Information shown Start Marker
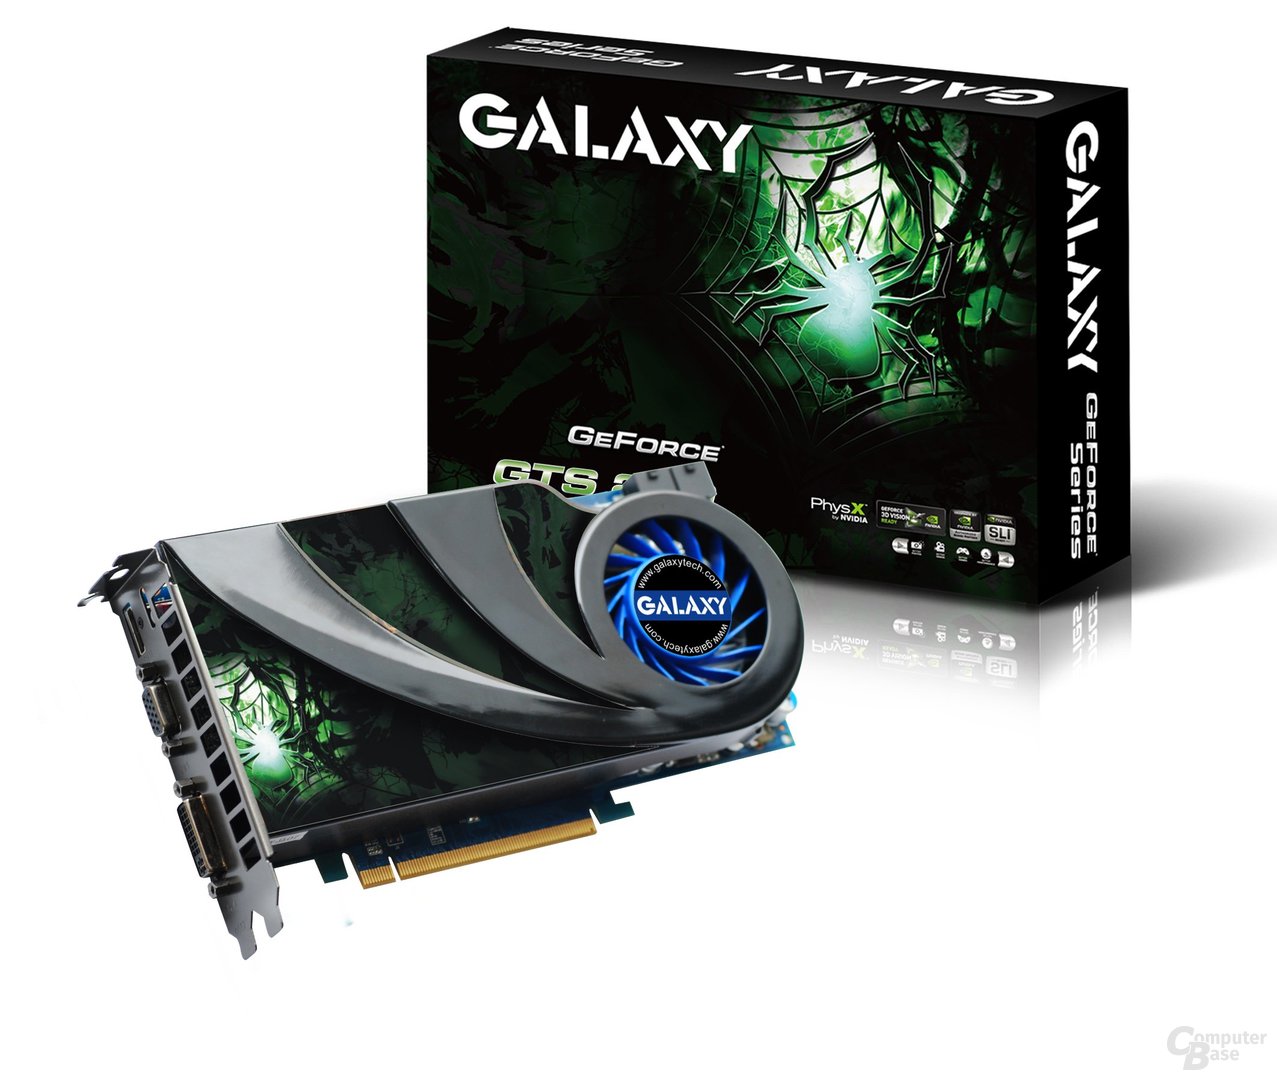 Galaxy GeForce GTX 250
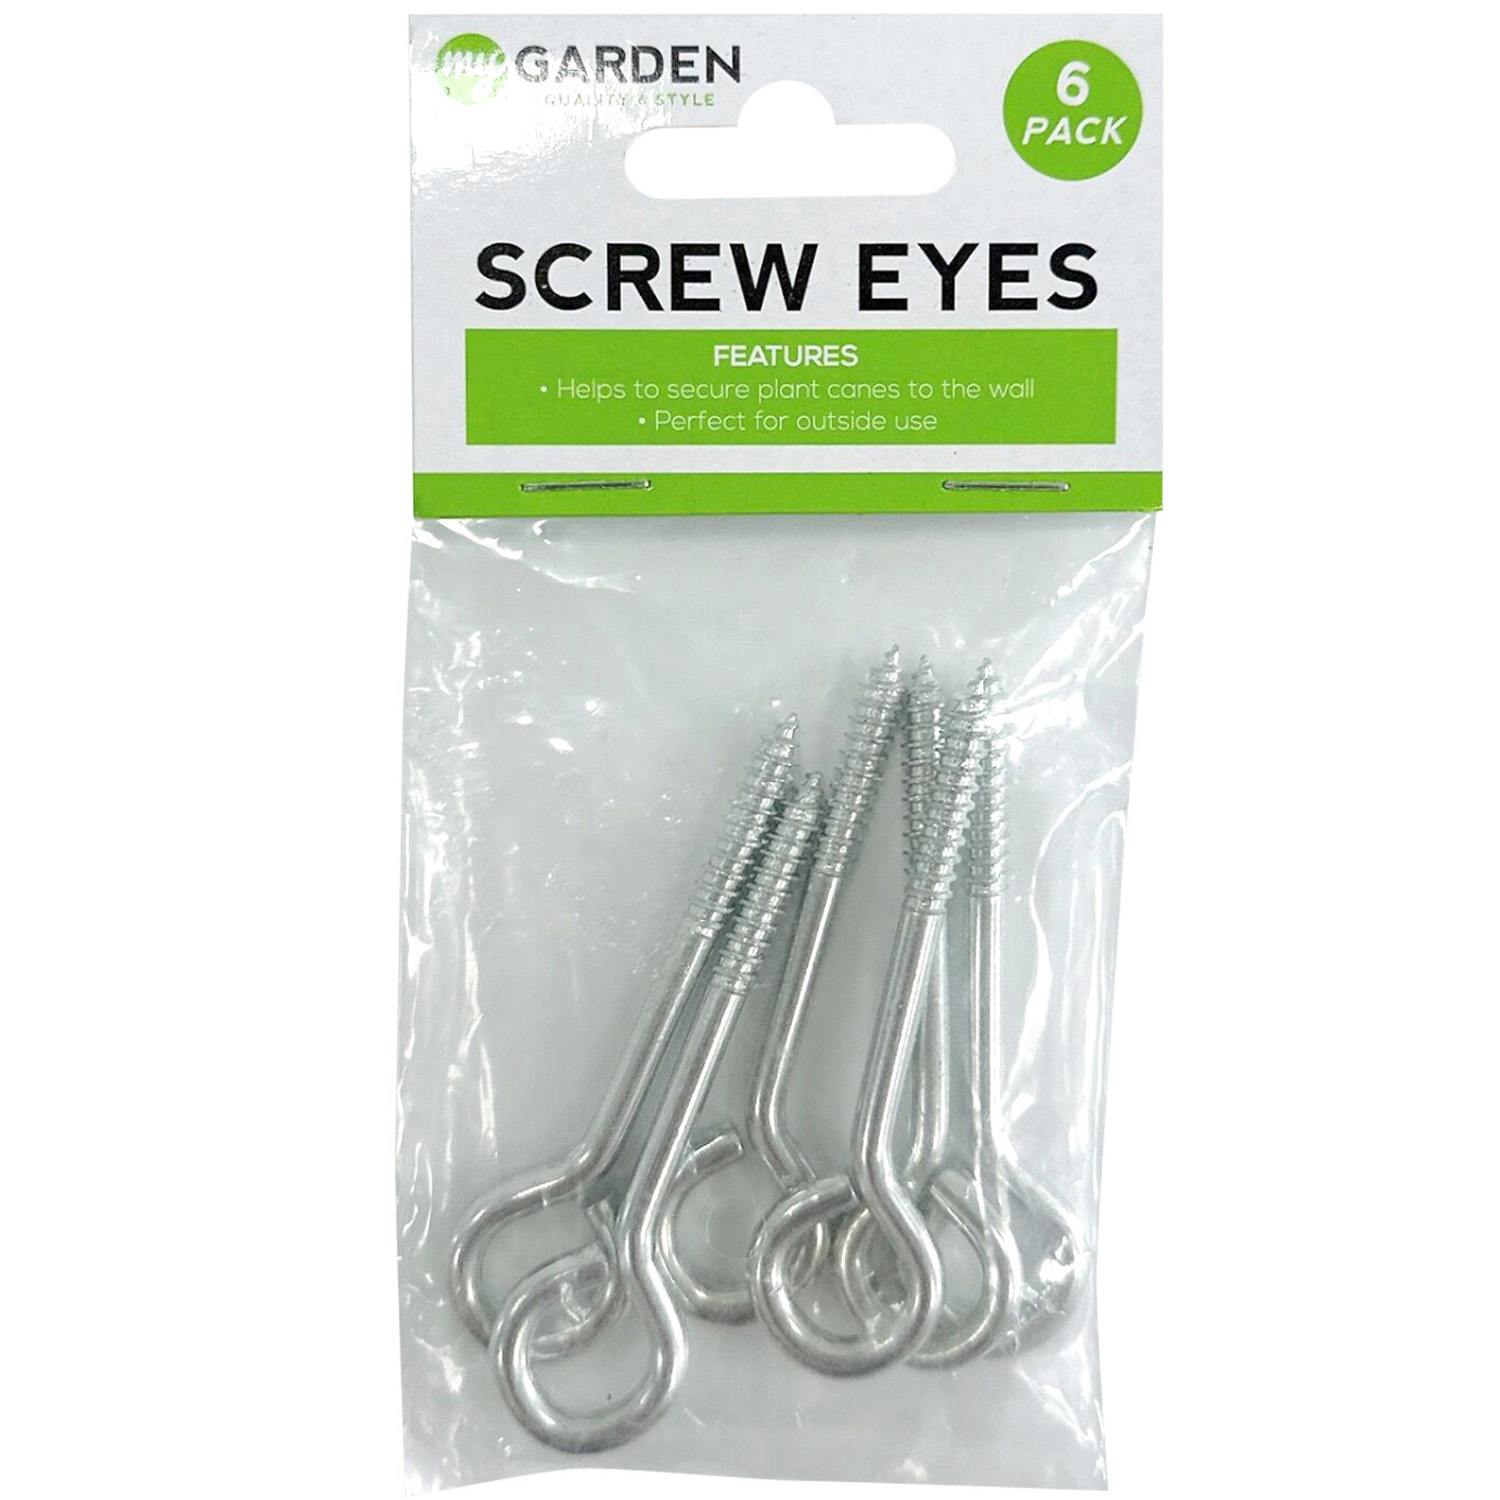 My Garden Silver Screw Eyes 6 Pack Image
Information shown End Marker
Information shown Start Marker
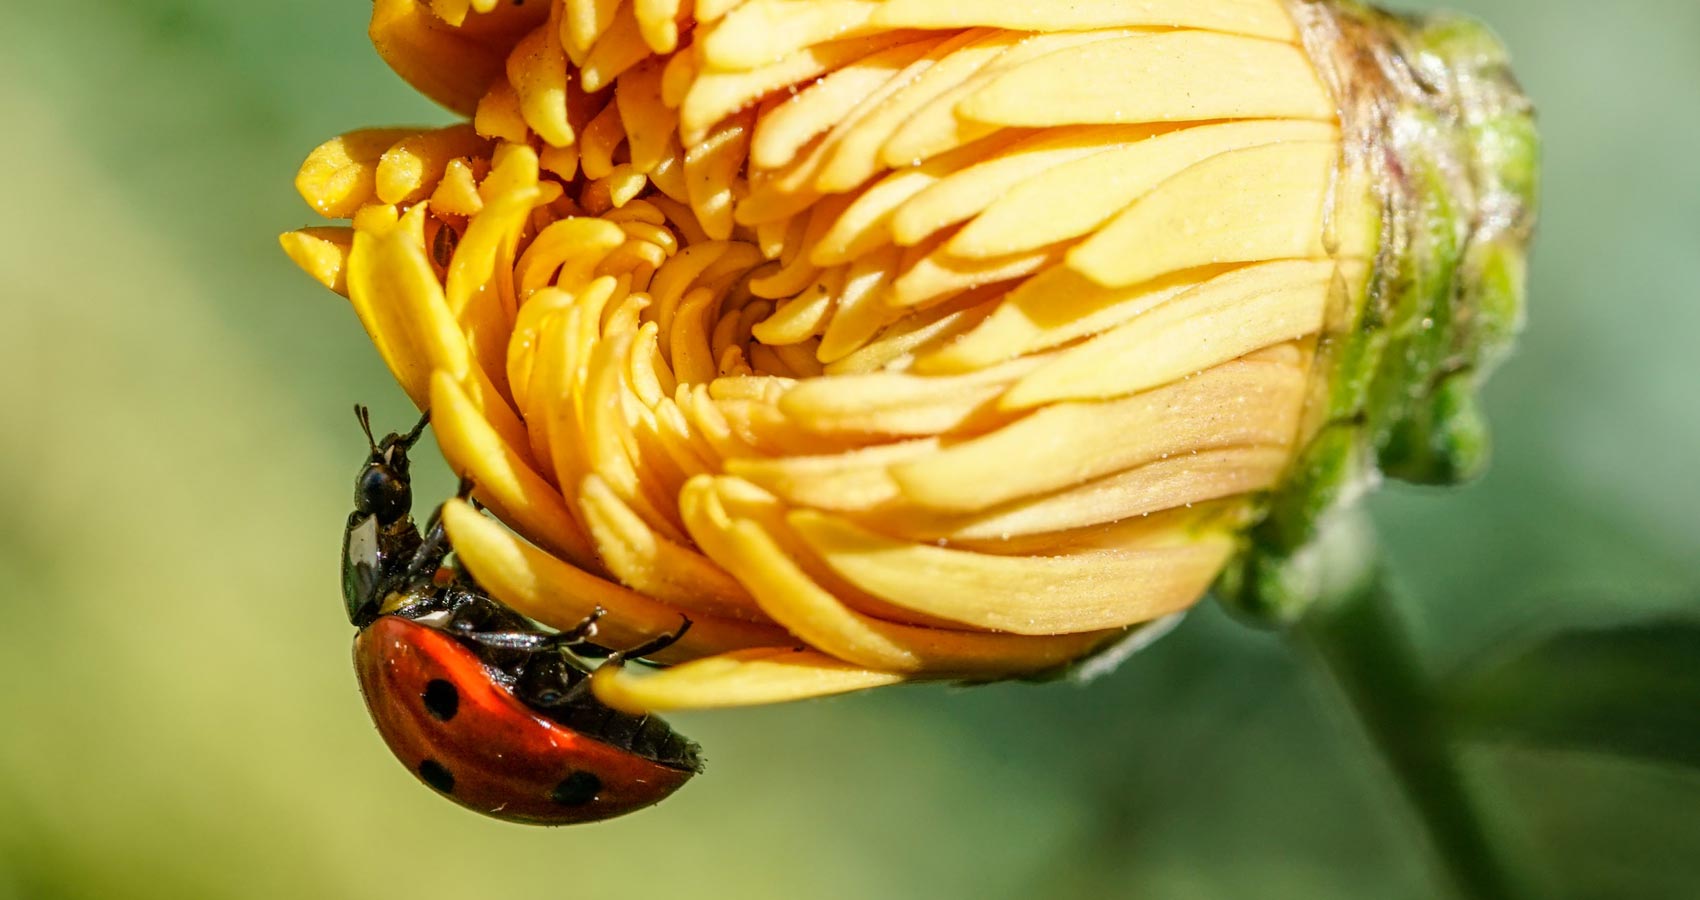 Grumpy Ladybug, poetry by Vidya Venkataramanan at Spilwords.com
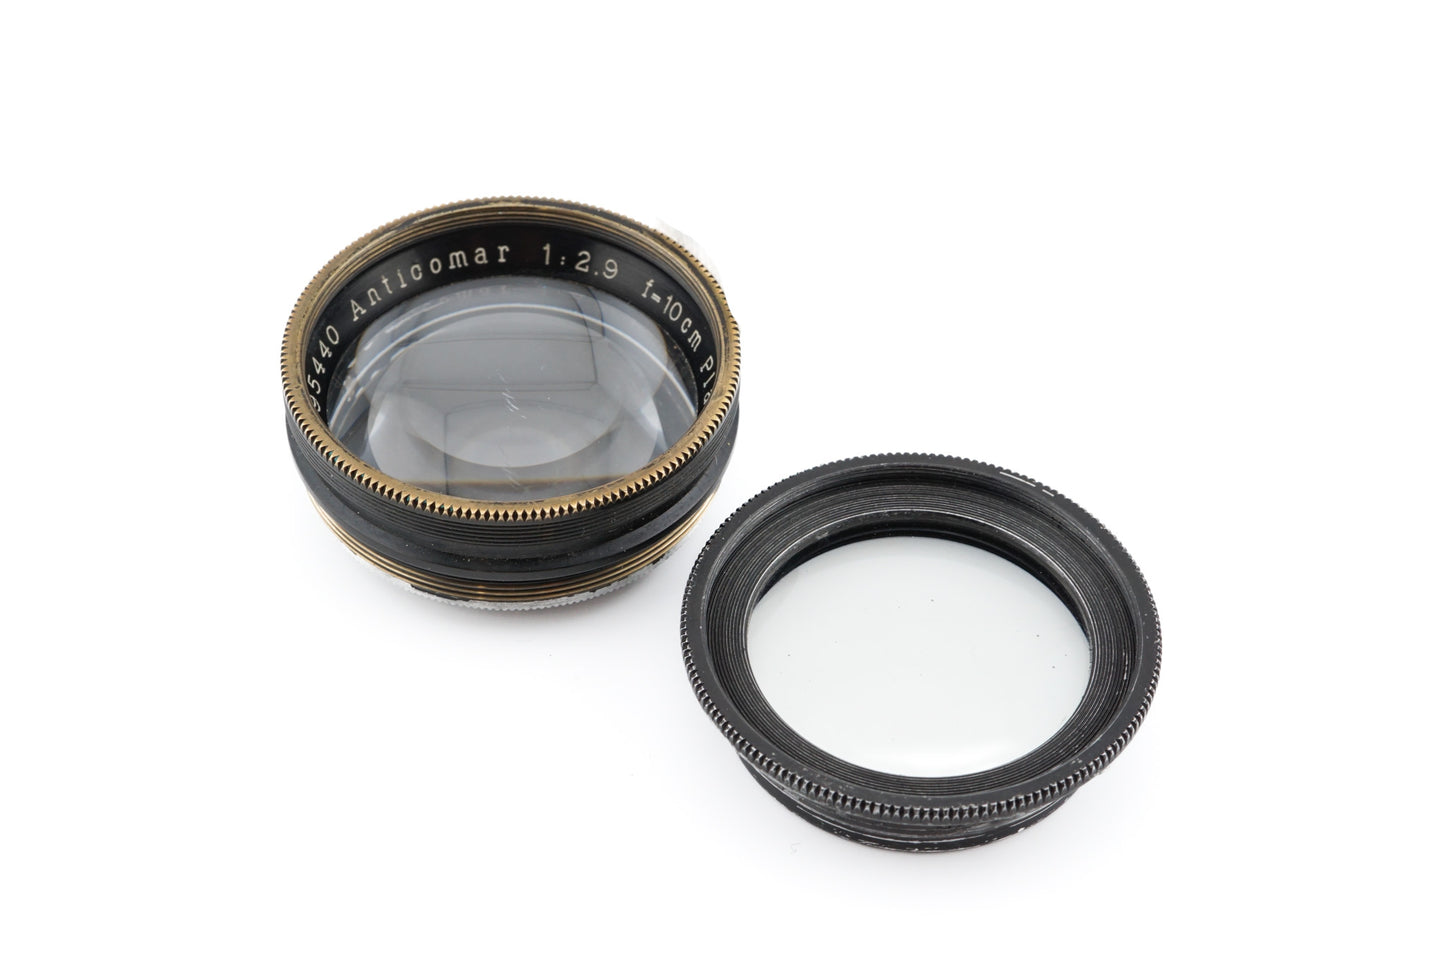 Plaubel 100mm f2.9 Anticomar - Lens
Information shown End Marker
* [Try it] Above are the records; copy from them only the lines starting at the one containing "Galaxy GeForce GTX 250" and ending at the one containing "My Garden Silver Screw Eyes 6 Pack Image", exactly and without pictures.

* [Completed task]
 Galaxy GeForce GTX 250
 My Garden Silver Screw Eyes 6 Pack Image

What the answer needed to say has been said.